I would like very much to have pitocin and an epidural now, I said.

It took them about an hour to get me my epidural, which was very unfortunate, as the MINUTE I psychologically checked out of natural childbirth, I could no longer really stay on top of the pain. It was no longer something I was VALIANTLY DOING, it was something I had to put up with until the needle-woman came to take it away. It was instantly a billion times worse.

(Steve is still asleep at this point in the story, by the way.)

The needle-woman came. She was not, unlike my midwife, very beautiful, but I will carry the memory of her kind face and capable hands to my grave.

“The first thing you’ll notice is that the pain will lessen. Then it will go away.”

That is what happened. It was a perfect epidural. I could move my legs. I could roll over. I could feel pressure, but not pain. They gave me a catheter, so I could pee without knowing it. It was wonderful.

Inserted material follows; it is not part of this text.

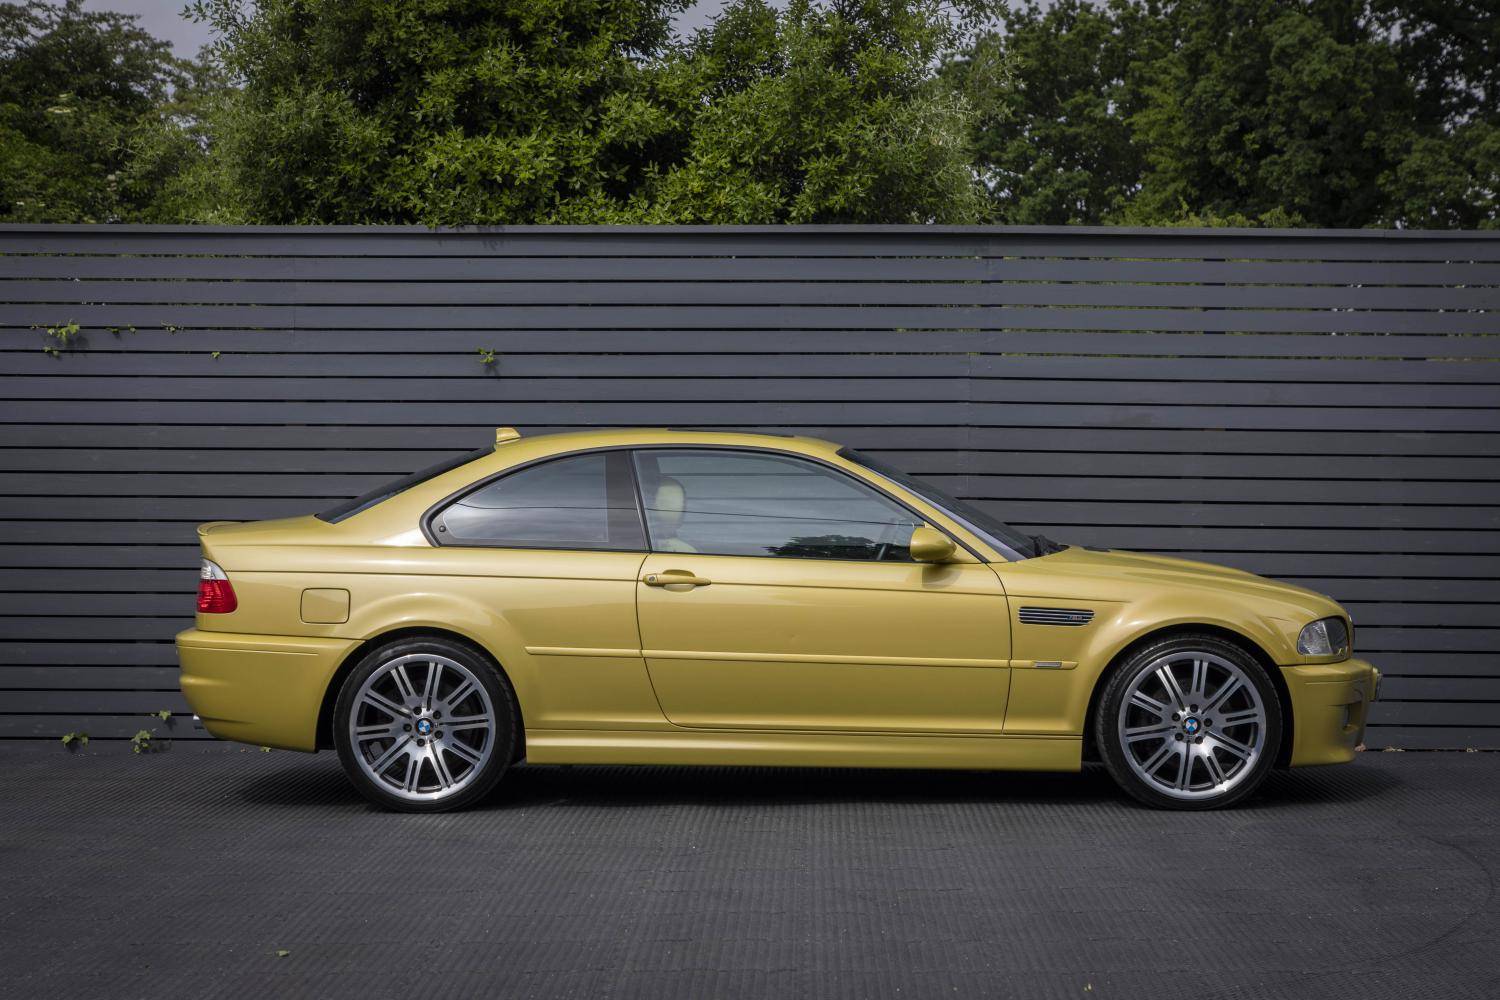 For Sale: BMW M3 (2003) offered for GBP 33,995
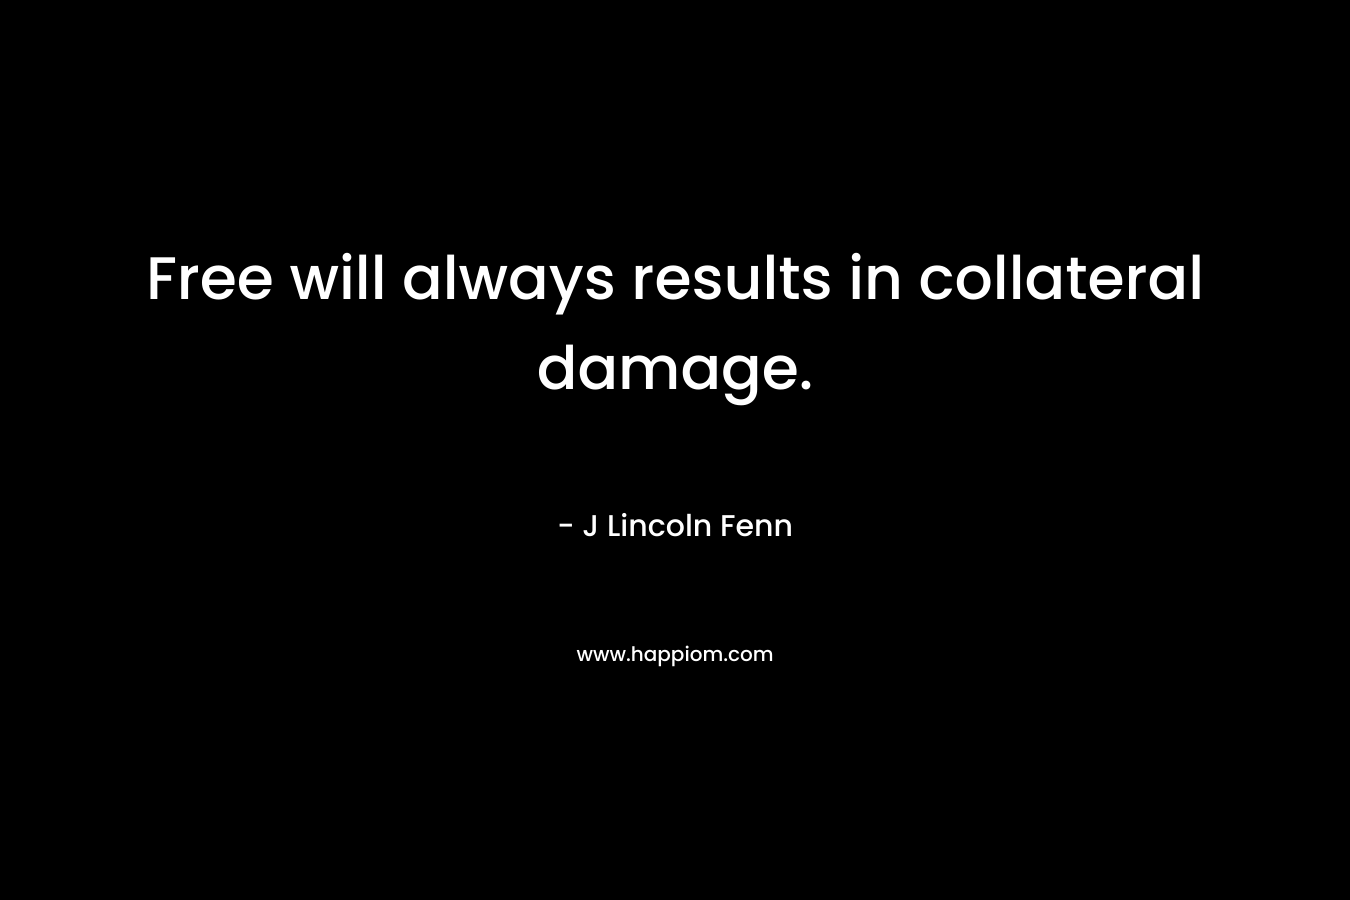 Free will always results in collateral damage. – J Lincoln Fenn

An hour (ONE HOUR) after they gave me the epidural and cranked up the pitocin, my water broke.

An hour (ONE HOUR) after my water broke, my midwife checked me. I was completely dilated and ready to push.

“Steve,” I said, nudging his body with my hand. “Steve, we’re going to have the baby now.”

Steve woke up.

I pushed. I had the baby. I needed one stitch, which came off in my toilet paper two weeks later, briefly leading me to think I had a horrible black squiggly vagina-parasite.

I stood up with wobbly colt-legs and was wheelchaired to my room, holding my beautiful son. They took my catheter out the next day, and I still acutely feel its loss.

I am not sure I will bother not-getting an epidural again, but time will tell.

Thank you for listening to my story.